▸ **Task brief**
Starting at the line that contains "Pattern: Solid", print every remaining line of the entries, unchanged, and output nothing more.

▸ **Extracted information**

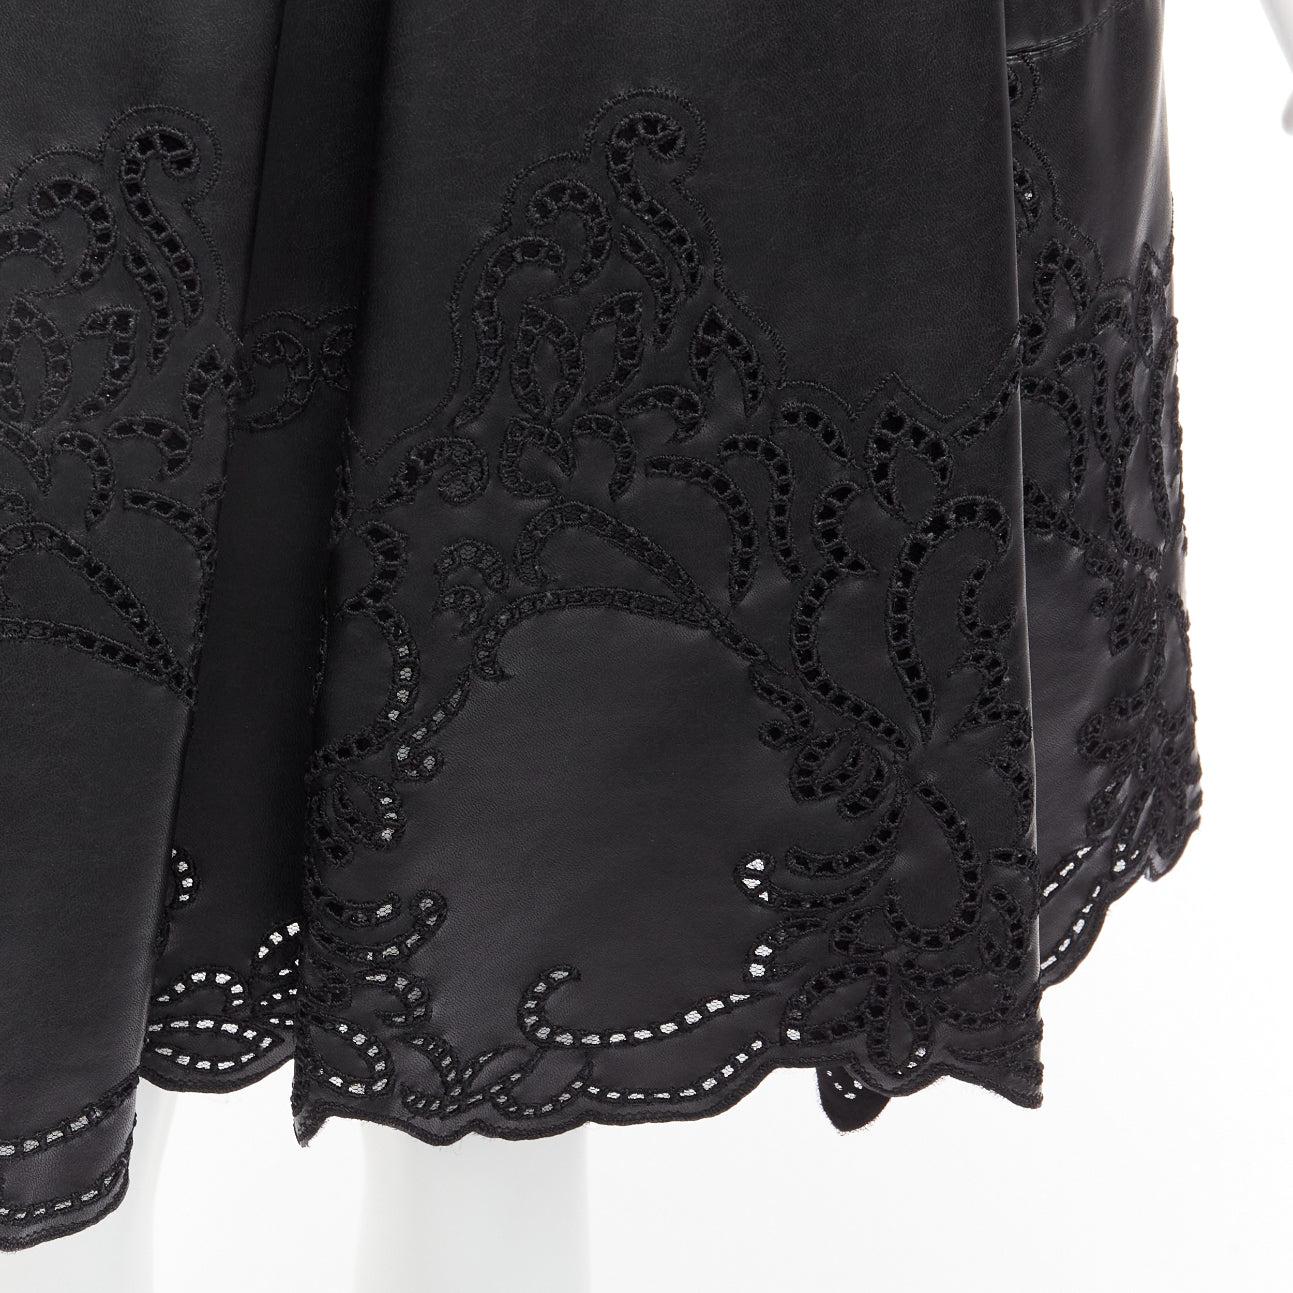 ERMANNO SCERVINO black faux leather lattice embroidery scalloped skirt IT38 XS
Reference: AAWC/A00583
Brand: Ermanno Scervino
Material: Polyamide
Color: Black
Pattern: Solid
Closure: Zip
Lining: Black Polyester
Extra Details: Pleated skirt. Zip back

▸ **Solution below**
Pattern: Solid
Closure: Zip
Lining: Black Polyester
Extra Details: Pleated skirt. Zip back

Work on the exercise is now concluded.